- **PROBLEM DETAILS**: Transcribe the listing exactly as written. Leave the images out.

- **DATA PROVIDED**:

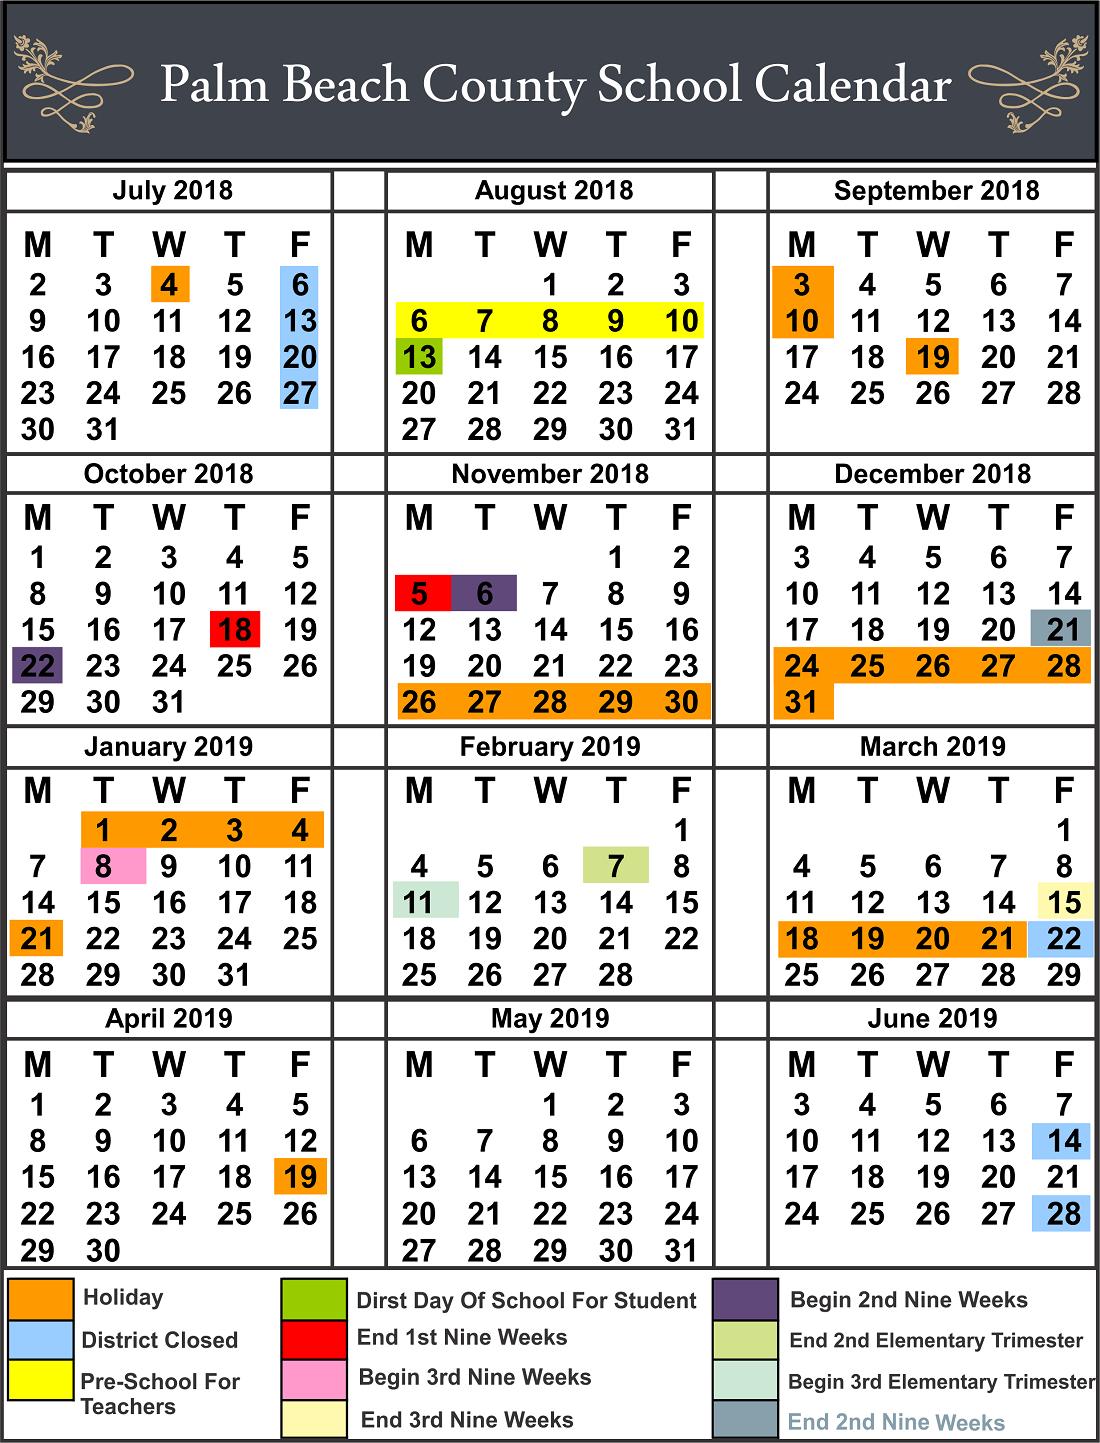 Uri Academic Calendar 2021 | Printable Calendar 2020-2021 throughout Mifflin County School District Calendar
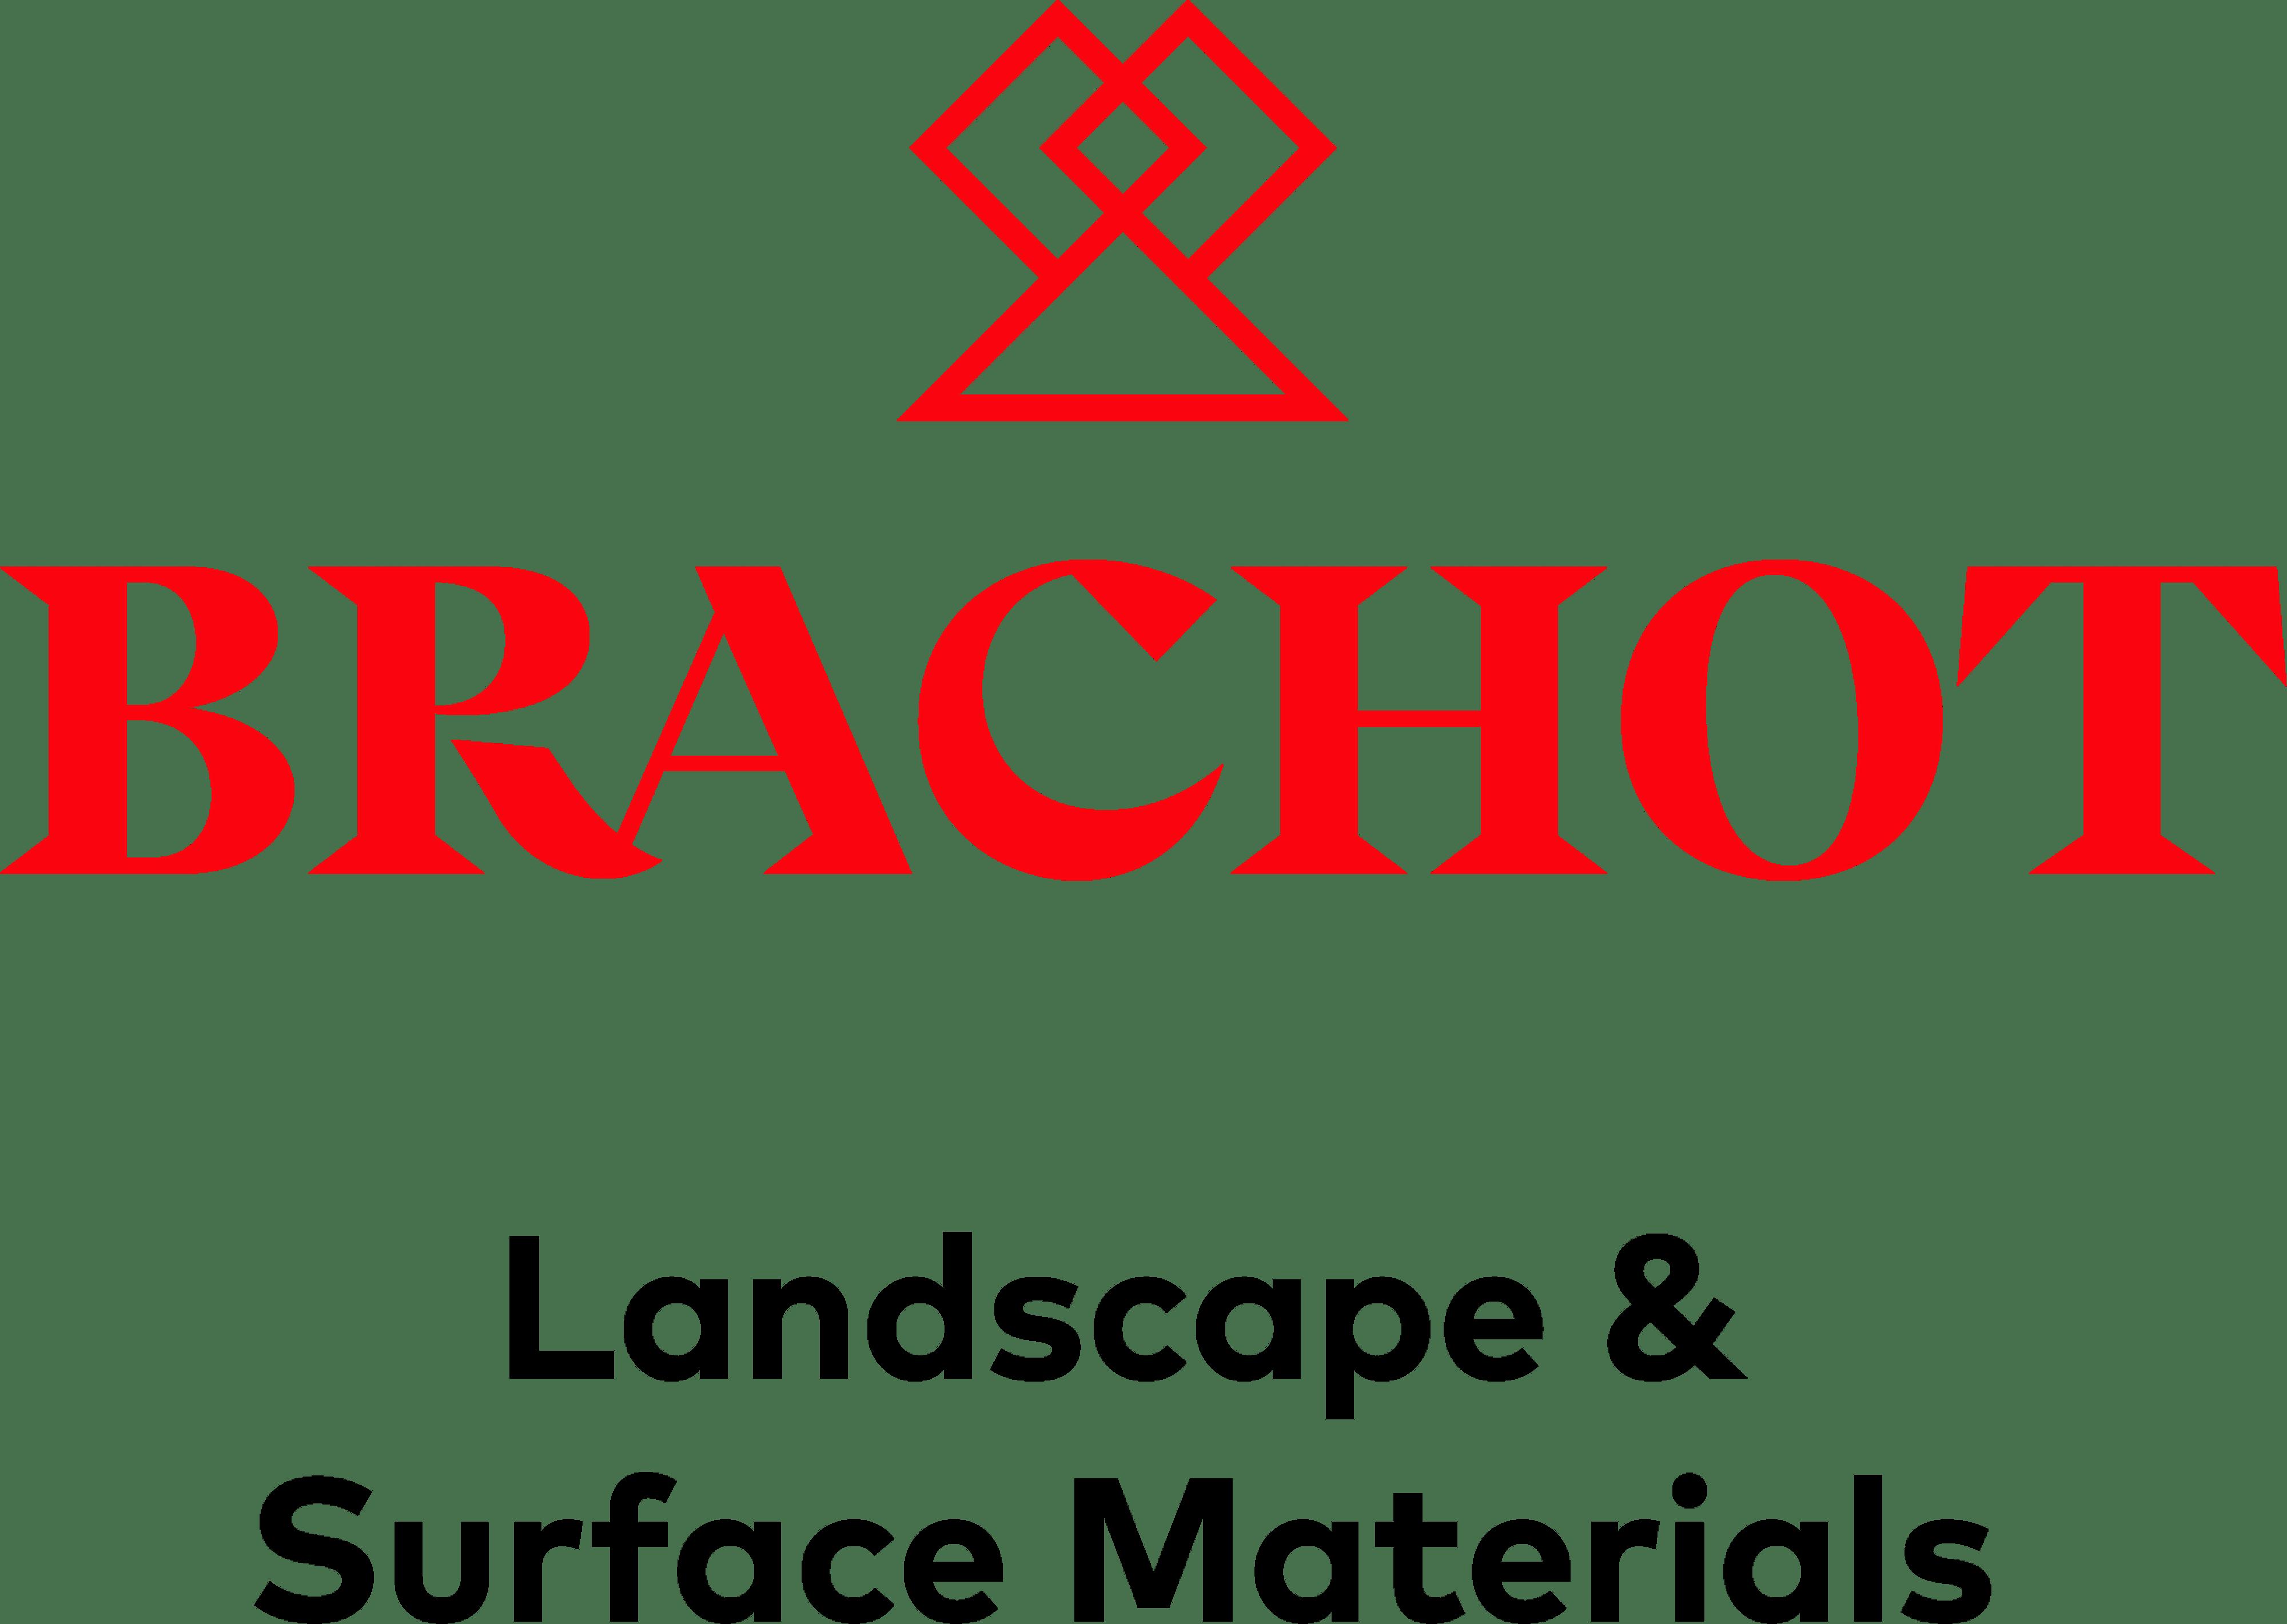 Brachot logo
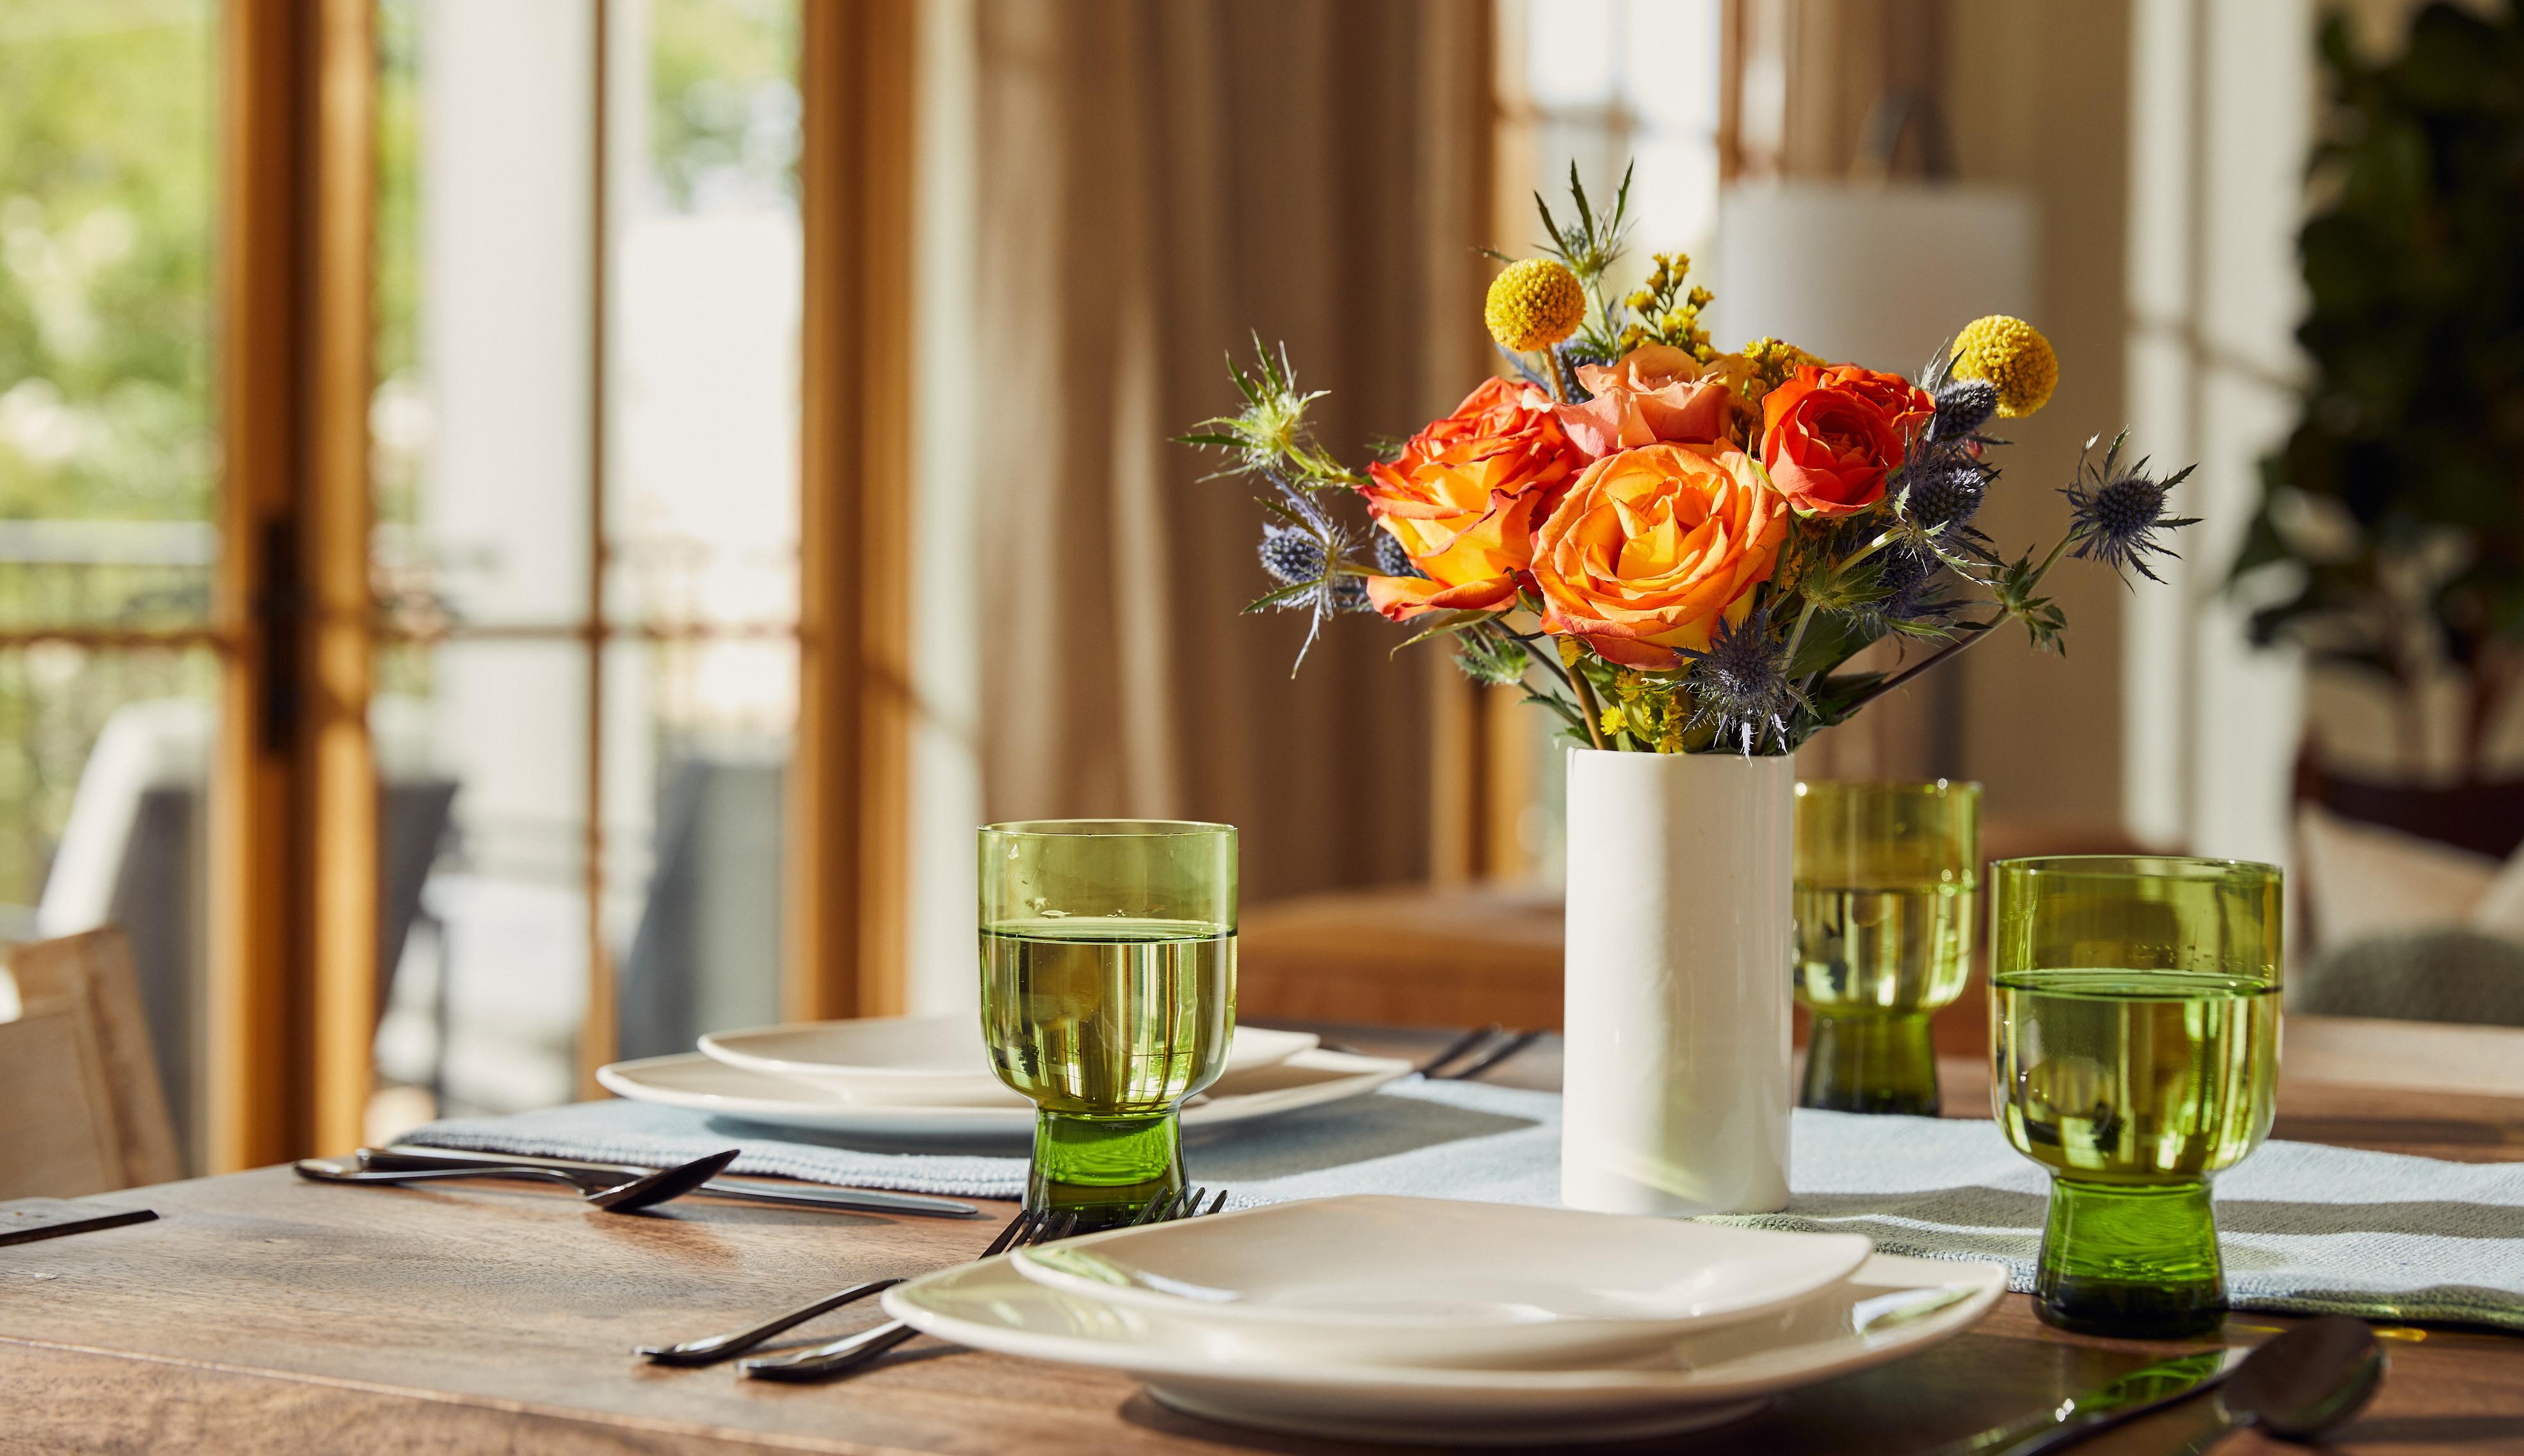 A mini bouquet on a set table

- **THE COMPLETED TASK**:
 Uri Academic Calendar 2021 | Printable Calendar 2020-2021 throughout Mifflin County School District Calendar
 Brachot logo
 A mini bouquet on a set table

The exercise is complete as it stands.